== PROMPT ==
The lines from the one holding "Tropical birds watercolor" to the final line of the listing below are to be duplicated exactly, with both ends included and pictures omitted.

BEGIN

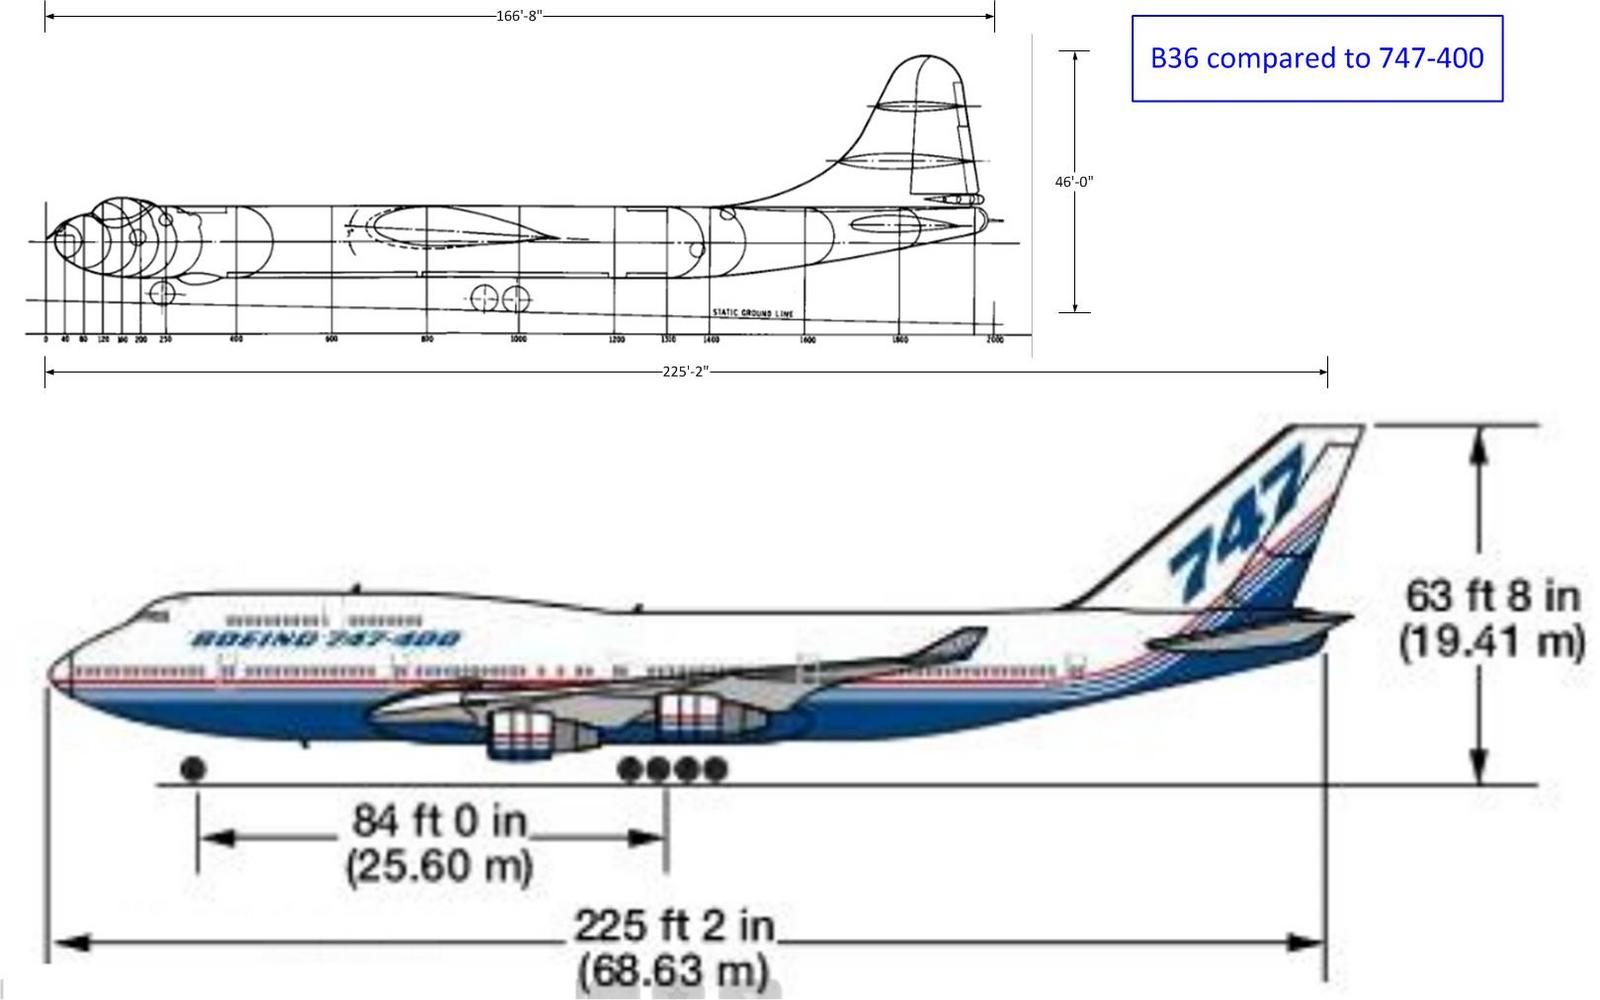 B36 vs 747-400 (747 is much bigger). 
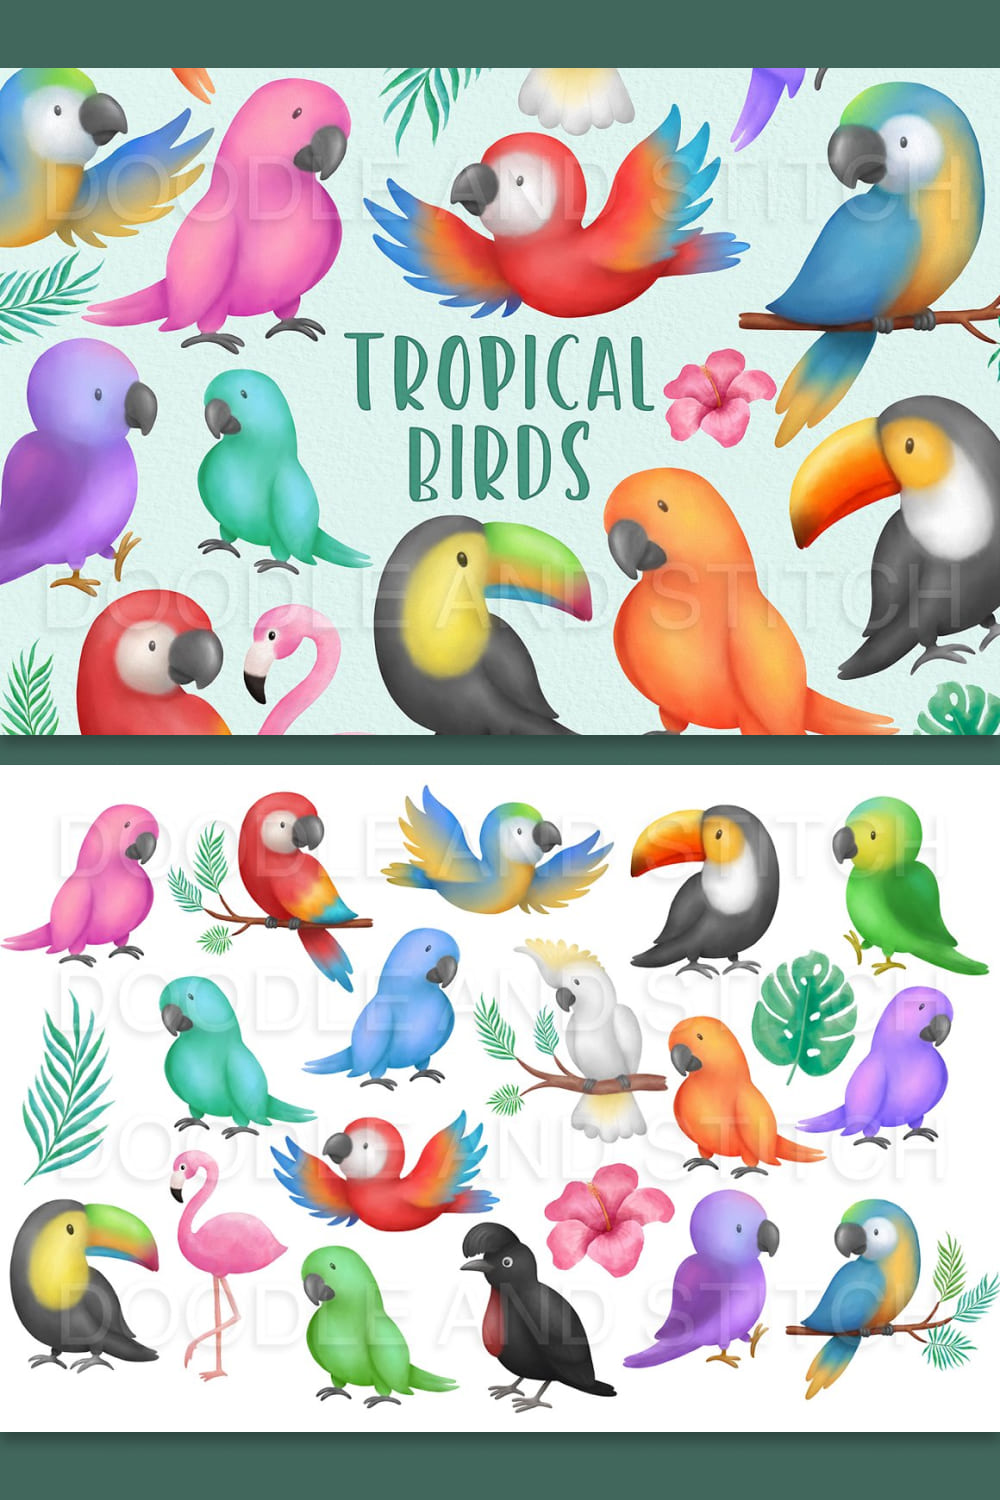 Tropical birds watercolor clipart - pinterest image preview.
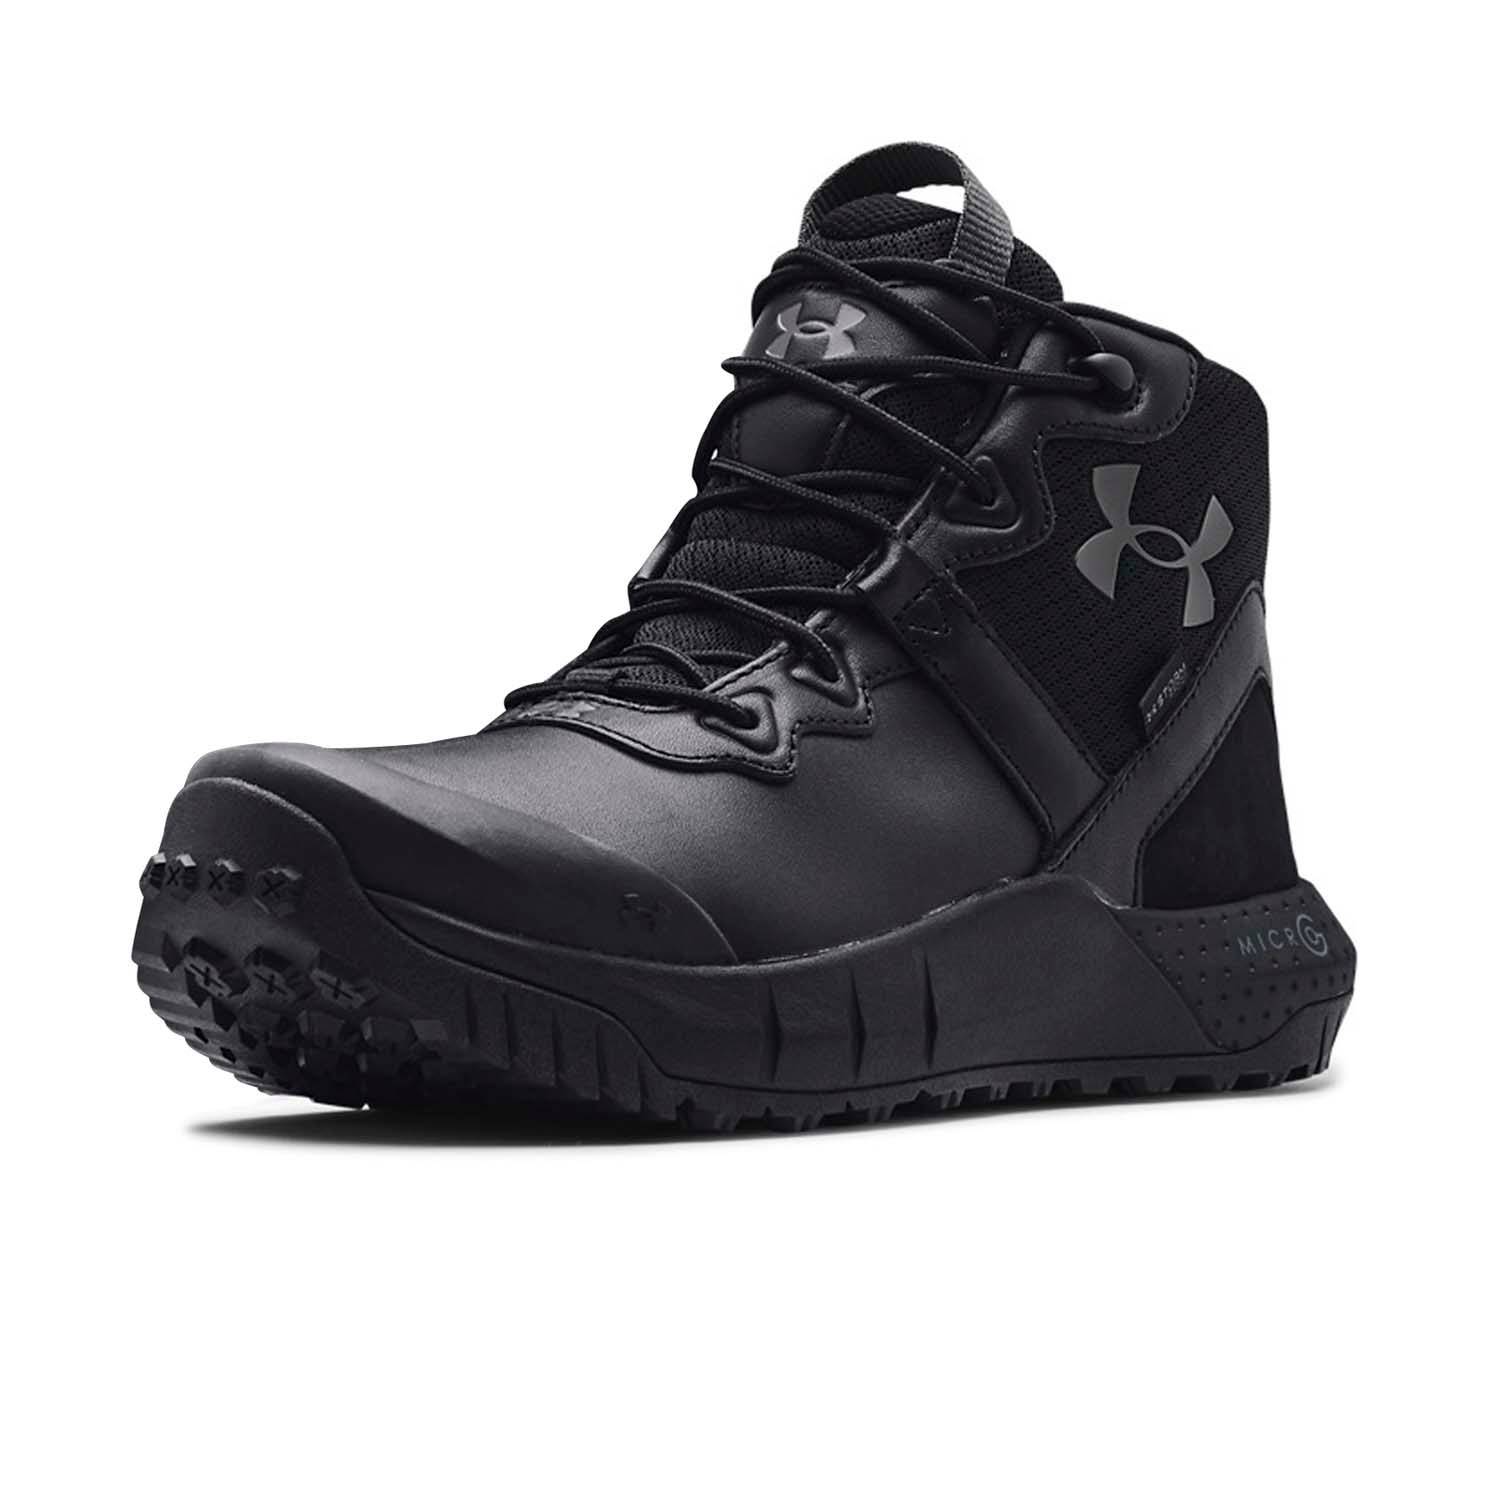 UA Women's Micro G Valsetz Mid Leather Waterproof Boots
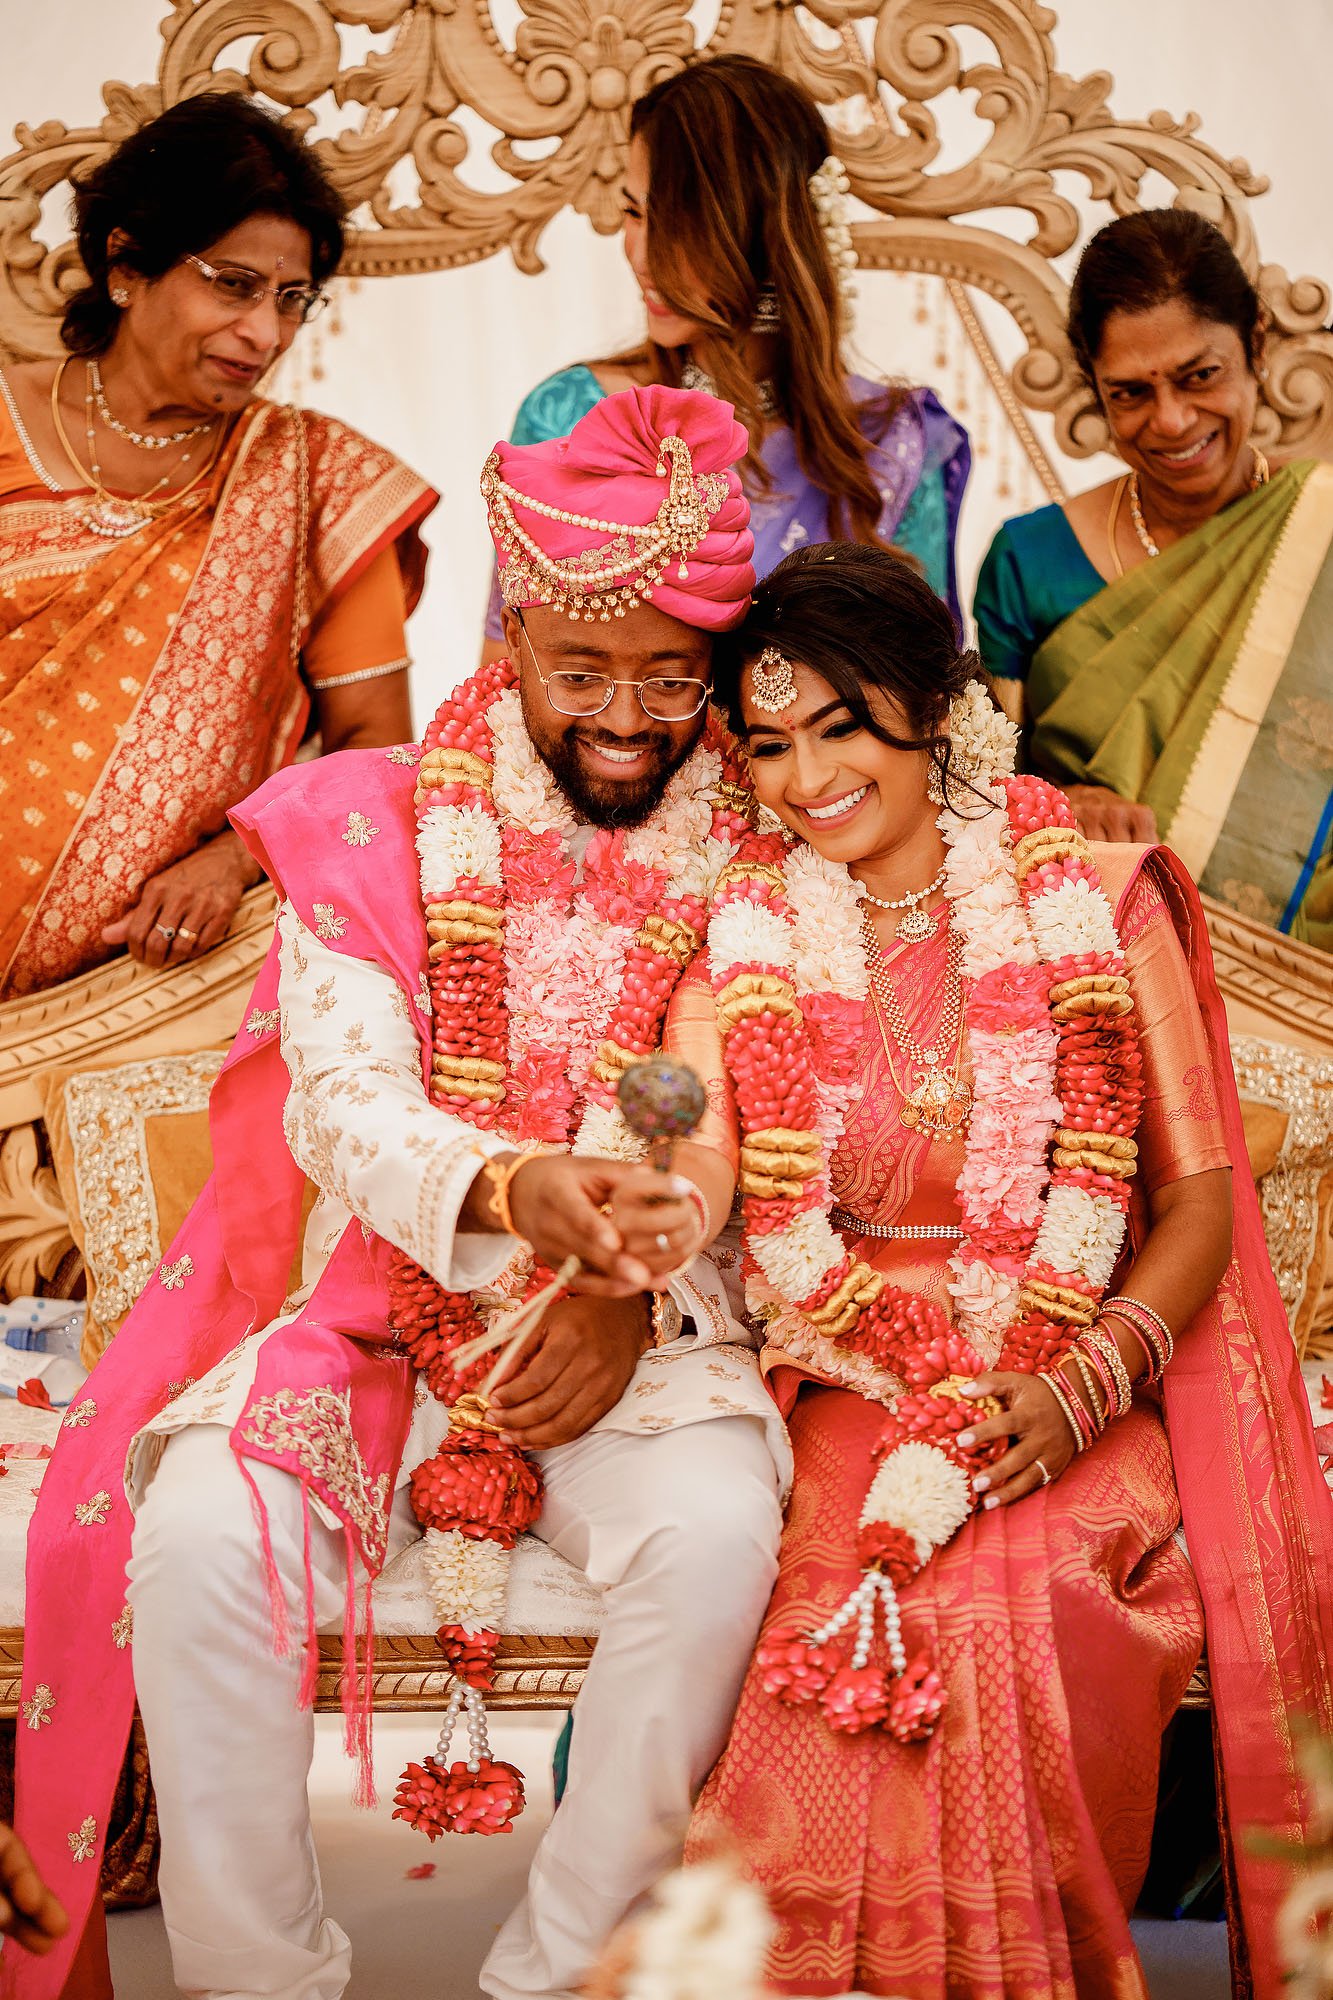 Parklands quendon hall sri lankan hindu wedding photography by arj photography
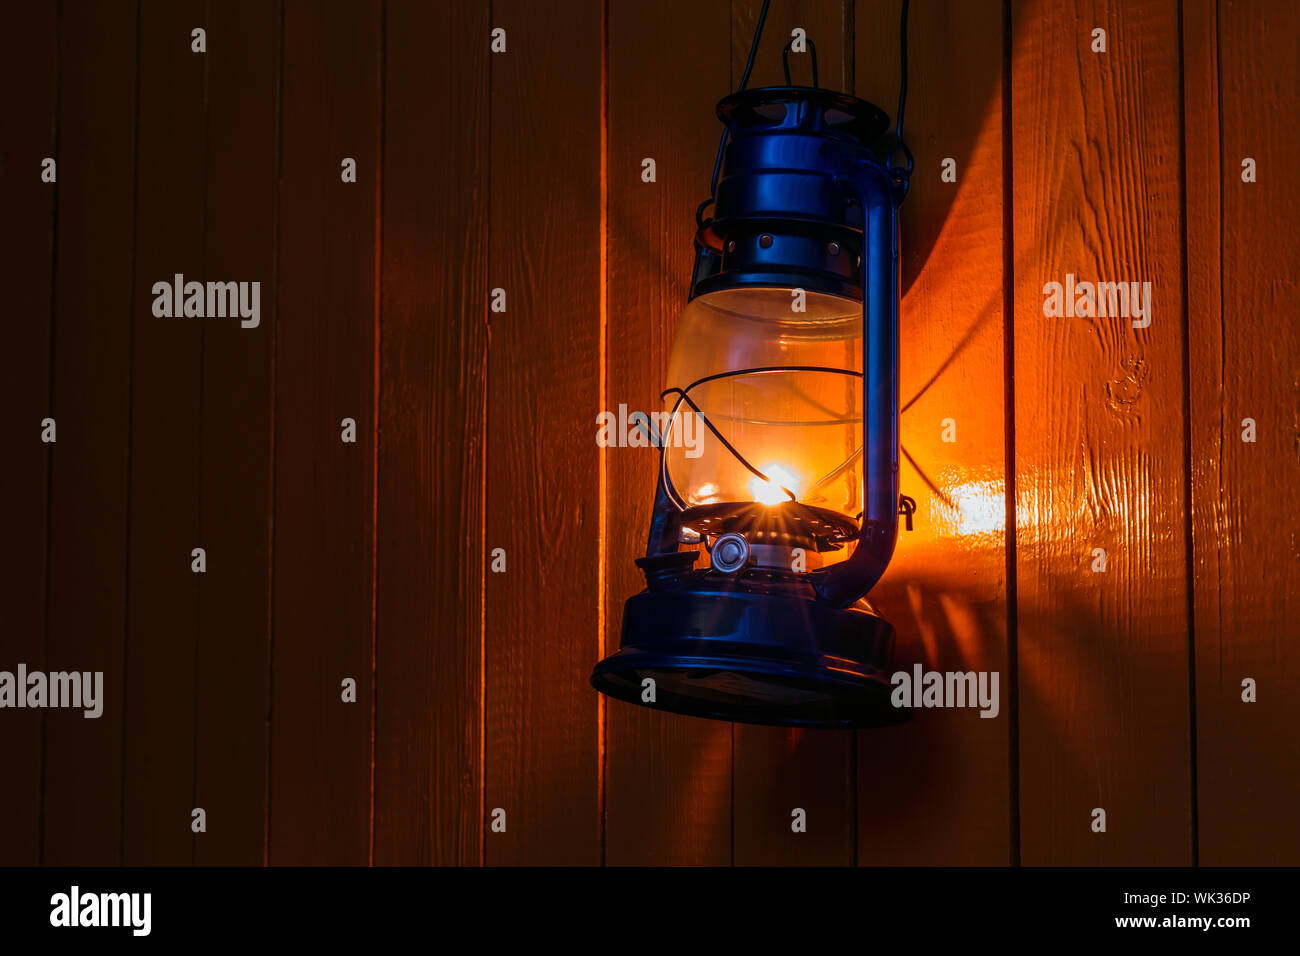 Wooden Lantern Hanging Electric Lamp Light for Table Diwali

END

== EXERCISE RESULT ==
 Tropical birds watercolor clipart - pinterest image preview.
 UA Women's Micro G Valsetz Mid Leather Waterproof Boots
 Parklands quendon hall sri lankan hindu wedding photography by arj photography
 Wooden Lantern Hanging Electric Lamp Light for Table Diwali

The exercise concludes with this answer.